未雪感觉自己已经走了好久了,但这条石阶仍然是没有头的样子。
“我真是……”她就地坐了下来,看看前面又望望后面,“这到底有多深啊?”
正坐着思考到底要不要继续往下走,她突然感觉脸上一凉,未雪摸了一把:“我不会哭了吧,不至于吧。”
摸来摸去,脸上什么都没有,正纳闷,未雪眼前突然飘起雪来,她抬起头,竟然真的是密密的雪花。
“什么玩意儿啊?”未雪赶紧站了起来,“我这是累晕了?”
等她低下头再看向前方,这石阶?未雪使劲眨了几下眼睛,这不是茂矣山的石阶吗?她回过头,身后竟然是清平派的房子。
未雪皱起眉,用力拍了拍自己的脸:“假的,记住是假的。”
类似的训练,莫西凉带着她做过不少,一直以来经历过的那些幻象于她而言,确实算不上什么威胁。不过直到今天看见茂矣山的幻象,未雪才明白过来,不是幻象没威胁,是师父为了考验她制造的那些幻象没威胁。
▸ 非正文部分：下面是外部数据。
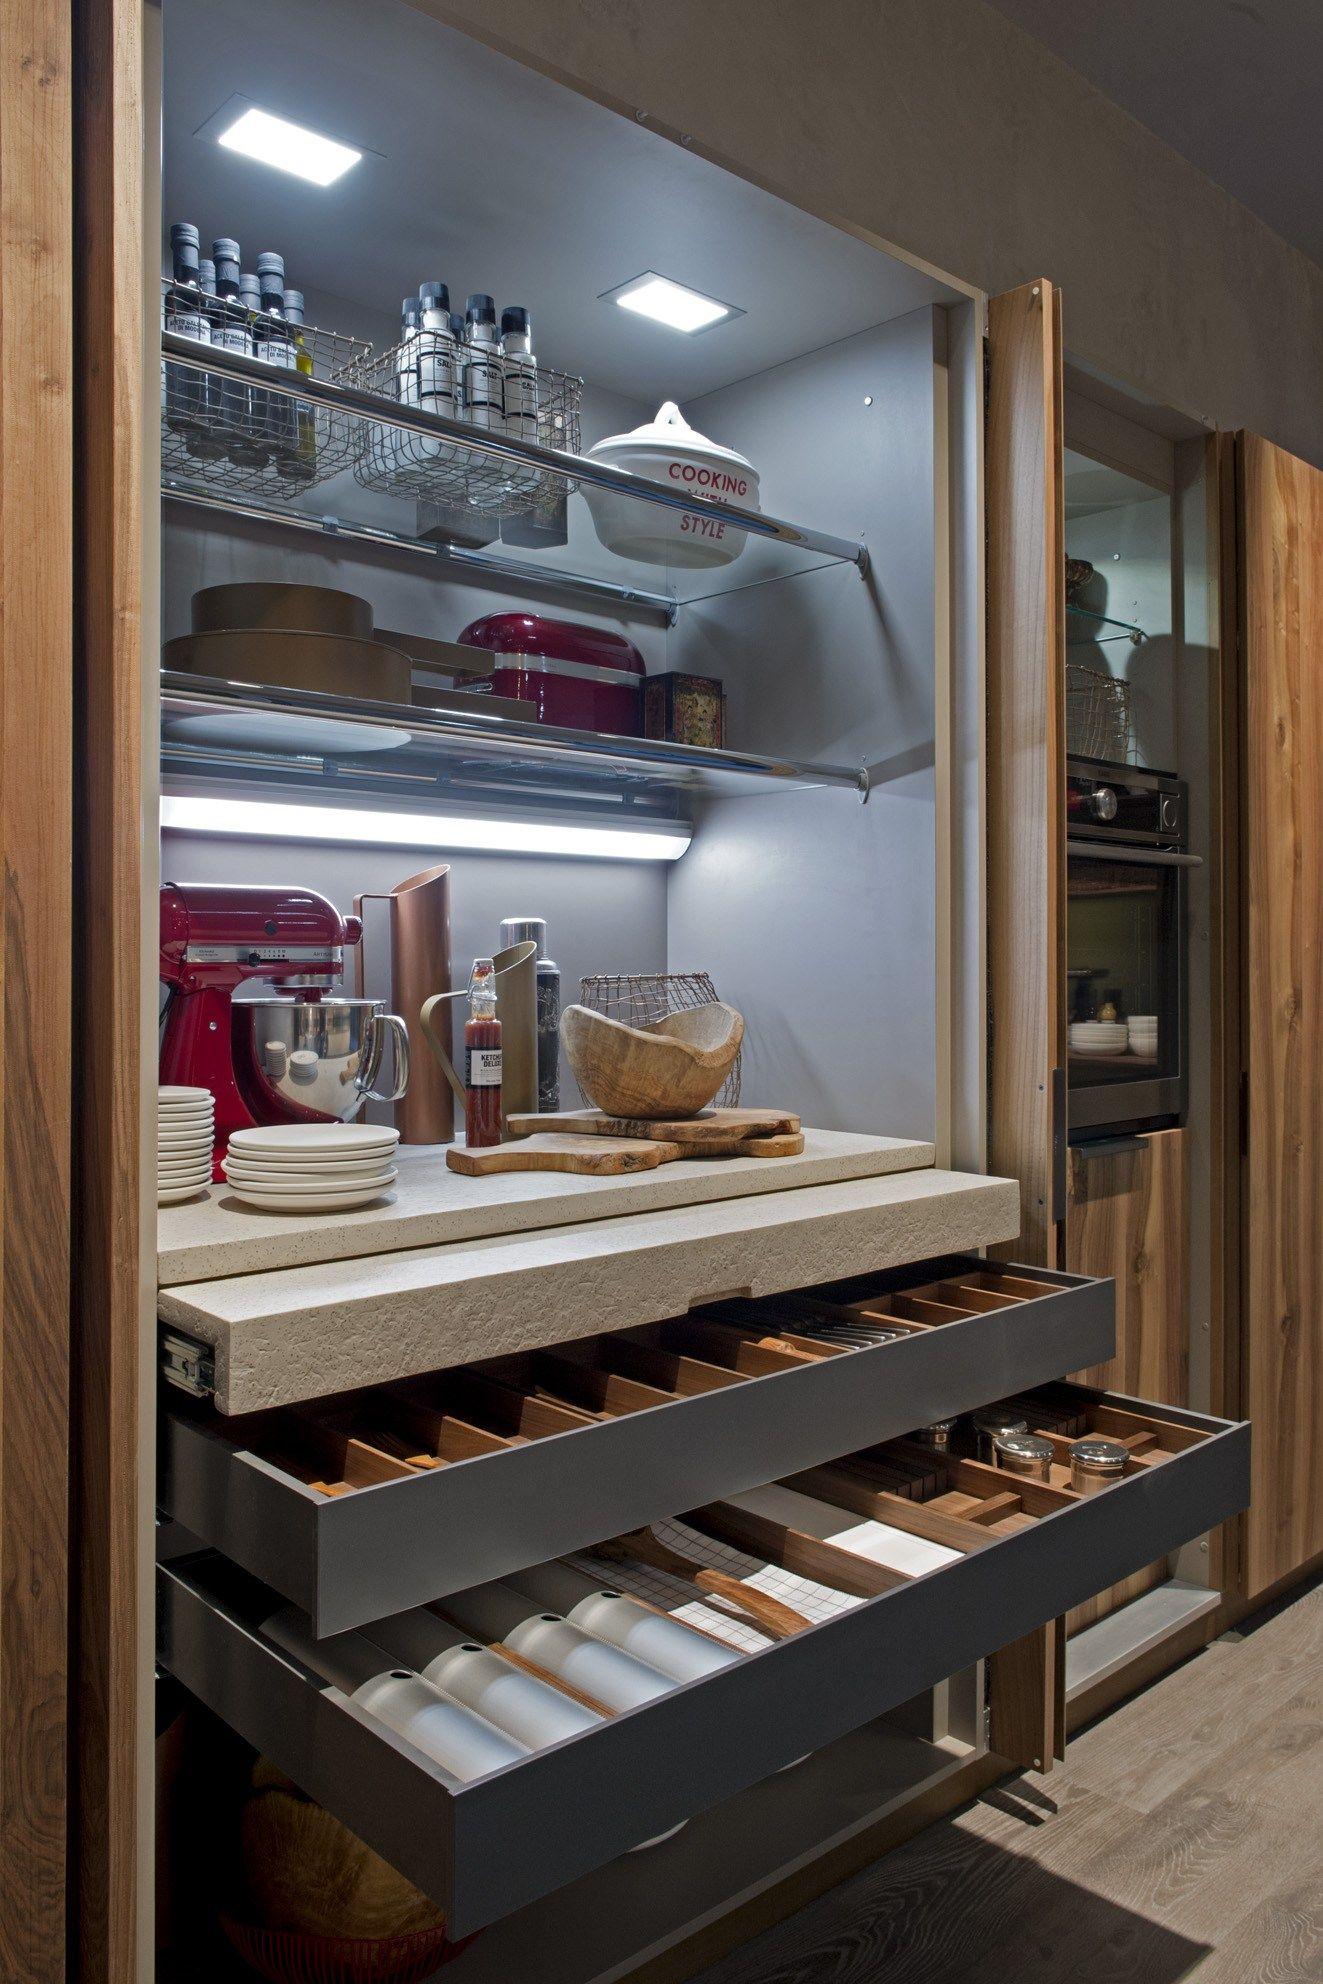 Einbauküche mit Kücheninsel FILOANTIS by Euromobil   Design Roberto ...

最容易让人混淆的、最容易让人放下戒备的反而是自己最熟悉的那些。
眼前的石阶上,迎面走上来两个人,一男一女,未雪看着他们,只觉得非常眼熟,却想不起来在哪儿见过,女人突然朝着上面喊了一声:“清染!”
未雪心里一震,木然地转过身,石阶的上面是莫西凉拉着小时候的自己,看到自己小时候那张脸的瞬间,她就明白过来为什么这一男一女那么眼熟了,因为自己和他们太像了。
只见莫西凉摸了摸自己的脑袋说:“去吧。”那个小孩儿笑着从未雪身旁跑了下去,被男人一下抱了起来,三个人笑着,那笑声传到未雪耳朵里,让她有些恍惚,拳头越握越紧,不可能,这些都不存在在自己的记忆里,而且按照传闻里说的和师父告诉她的,她不可能见过千寄别和夏辅宜。
可会不会是师父……
某个十分荒谬的想法突然冒了出来,荒谬到未雪自己都愣了一下。
“疯了吧你!”未雪撸起袖子,摸了摸靠近胳膊肘的地方,那块儿有道疤,她身上的疤还挺多的,但这个疤之所以显得不同,是因为它是有一年过年的时候留下的,过年的时候门派里其实没有那么多弟子,毕竟是和家人团聚的日子,所以那时候未雪经常坐在茂矣山的石阶上,她很喜欢看弟子们见到家人的瞬间,并不会因此觉得自己悲凉,而是会有一种发自心底的快乐。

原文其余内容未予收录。